スタイリッシュ【stylish】流行にあっているさま。当世風。いき。「―な着こなし」 バイオレンス【viorence】① 激しさ。強烈さ。② 暴力。暴行。
生ハムメロンというオードブルがある。イタリアやスペインで特に愛されるこの伝統料理は、ハムの強い塩味をメロンの甘みが和らげ、メロンの青臭さをハムの風味がカバーするという味覚上の相補性から生まれたものらしい。では、スタイリッシュ・バイオレンス・ムービーはどうか。バイオレンス映画に蔓延する血腥さを洒落た音楽や斬新なカメラワークが和らげ、スタイリッシュ映画特有の御軽い雰囲気を飛び散る血しぶきと銃声で引き締める。そんな視覚上の相補性から生まれたとも言える特異なジャンルから今回改めて紹介したいのがこの「鮫肌男と桃尻女」。ミスターマガジンで連載された望月峯太郎の同名コミックを、今作で監督二本目となる石井克人がCMディレクターならではの切り口で実写化。オープニングのアニメーションから有無を言わせずカッコいい!そんな日本映画のニュースタイルを提示した一本がここに。
鮫皮のジャケットに袖を通した浅野忠信が、時にはパンツ一枚になりながらもクールに主人公を演じきった今作。しかし、個性派だらけの集団にあって主人公・鮫肌黒男を確立する事への苦労や葛藤があったであろう事は想像に難くない。「強烈な人が多い中で自分が何もやらないこと、やらなきゃと思ってもできないことがなんか悔しくて、取り残されてるような気持ちだった。でも、できあがると、何もできてない自分というものがあの中ですごく良かったんですよ」そう浅野本人がとあるインタビューで振り返っているように、剛を柔で制すというべきか、ナチュラルを突き詰めたような演技っぽくない演技がスクリーンの中で一際目を引いている事に気づく。援助交際中の成金オヤジから強奪した黒のコルベットで走行中、助手席のトシコが淡々とオチのない夢での出来事を語るシーンがあるが、この二分少々の他愛もない話も浅野忠信というフィルターを通すことで難なく聞けてしまう、というよりも寧ろ聞き込んでしまうのだから不思議。「逃げ切れると思っているのか?」「思ってなきゃ逃げねえよ、バーカ」こんな肩の力が抜けるような会話が成立するのも、浅野忠信ならではか。
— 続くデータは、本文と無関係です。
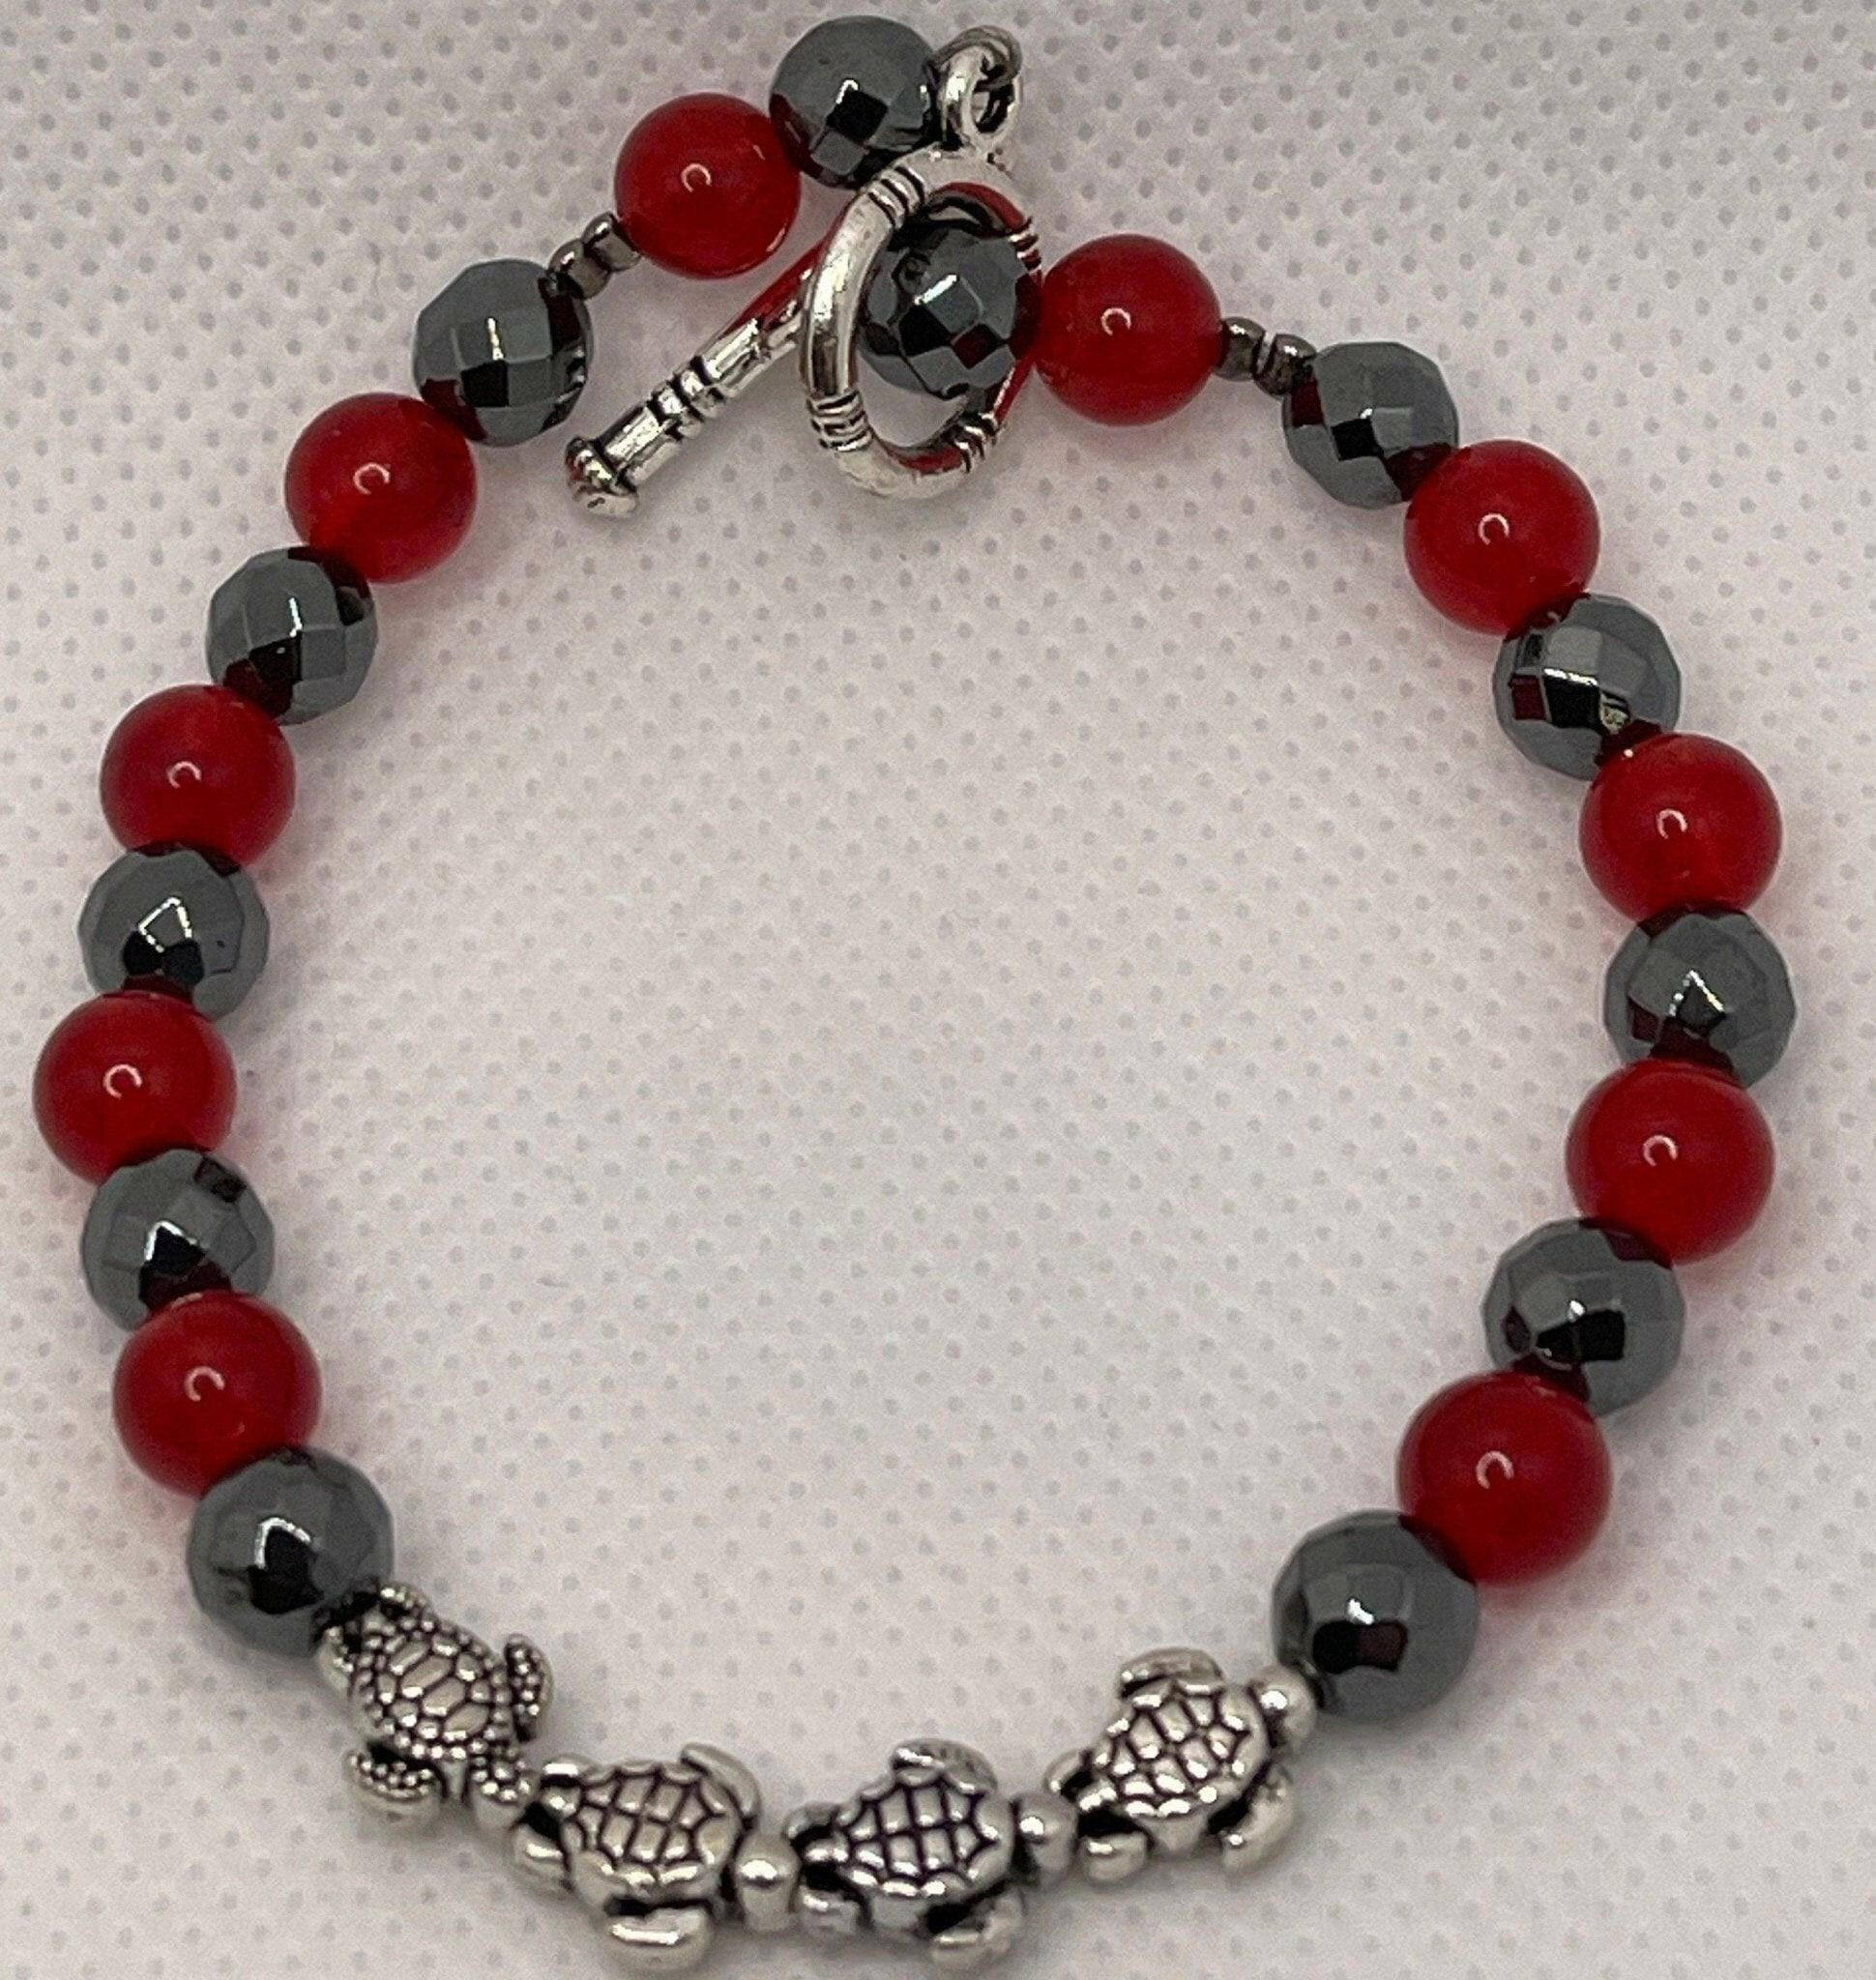 Bec Sue Jewelry Shop turtle bracelet 6.5 / red / silver turtle/hematite/red coral beads Turtle Bracelet, Red coral bamboo Bracelet Tags 178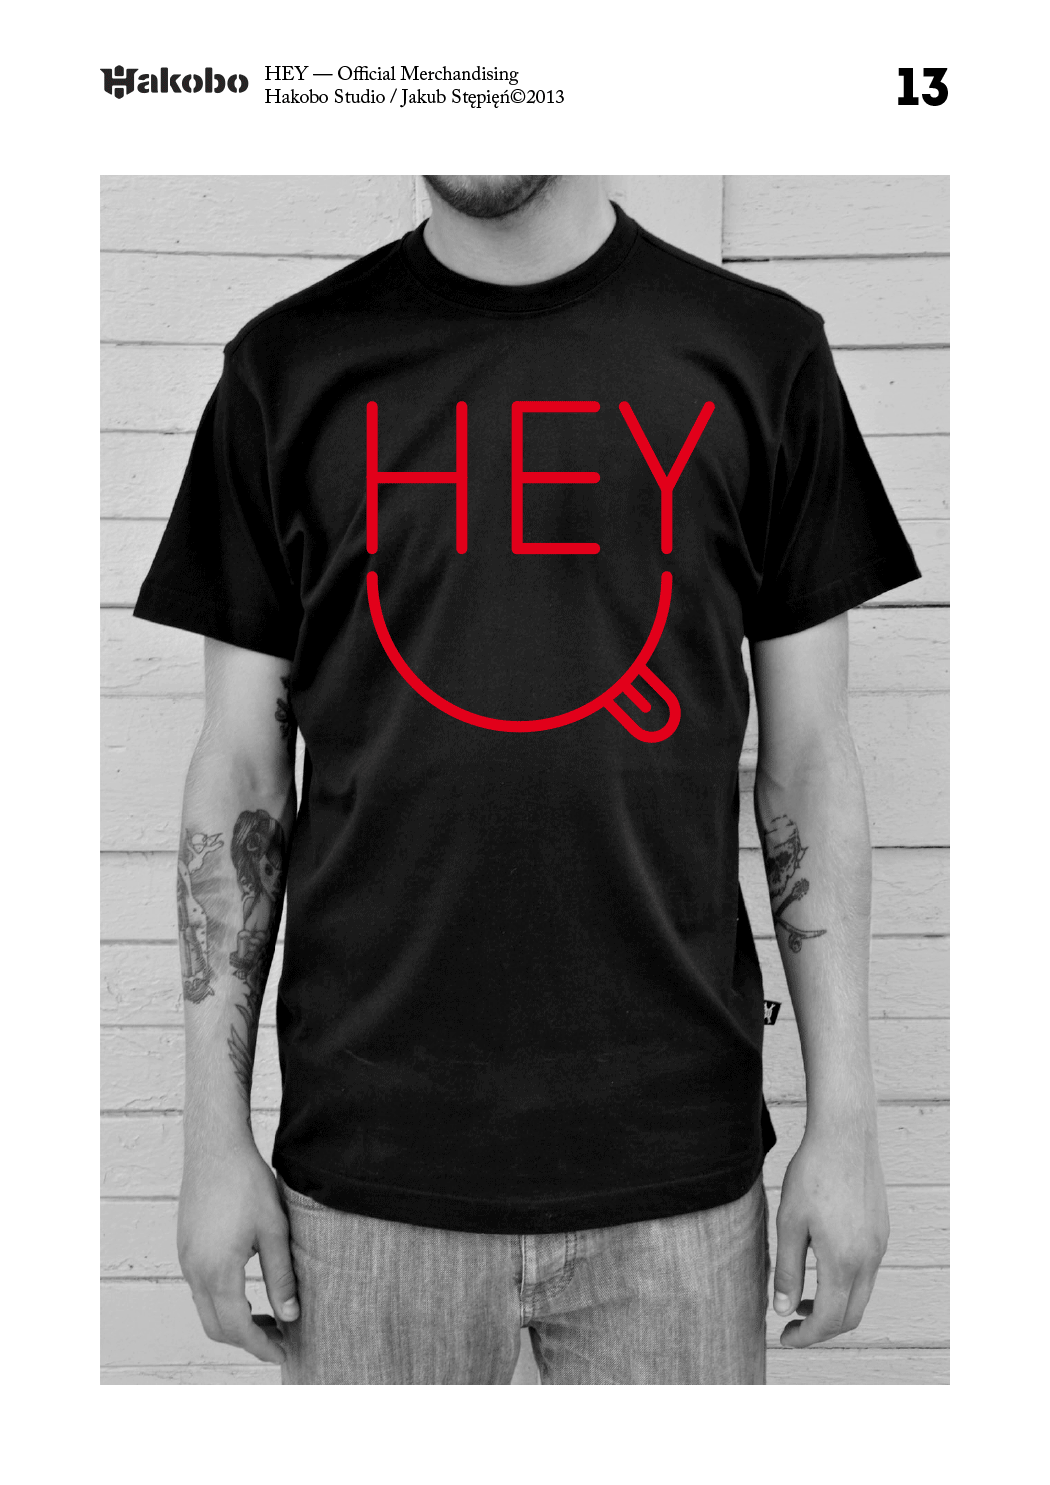 hey-band-merch-hakobo-jakub-stepien-prints-t-shirt-13

浅野忠信をはじめとする役者たちの魅力、監督の遊び心、ハイセンスな小物や演出の数々、この映画を語る上で着目したい点は山ほどある。ただ、どうしても避けて通れないのが山田の「や」マッチの「ま」タバコの「た」に濁点、山田!そう、殺し屋・山田の存在だ。かつて失踪事件で世間を騒がせた「若人あきら」という男は、子役時代から四十年近い時を経て、我修院達也としてスクリーンに戻ってくる。原作には登場しないオリジナルキャラとして圧倒的な存在感を放ち、作品全体の娯楽性をグンッと底上げしてしまった異色の新人俳優の抜擢には唸らずにいられない。一本に繋がったカモメ型の眉毛に、ダサいという言葉を突き抜けてもはや最先端にすら思える奇抜なファッション。そして、行く行くは宮崎アニメでも重宝される事となる個性剥き出しの声。公衆トイレでドナドナを熱唱し、暗視スコープを装着して二丁拳銃をブッ放すこの不世出の怪優をキャスティングした事実こそ「鮫肌男と桃尻女」の映画化による最大の功績なのかもしれない。なんてのは大袈裟か。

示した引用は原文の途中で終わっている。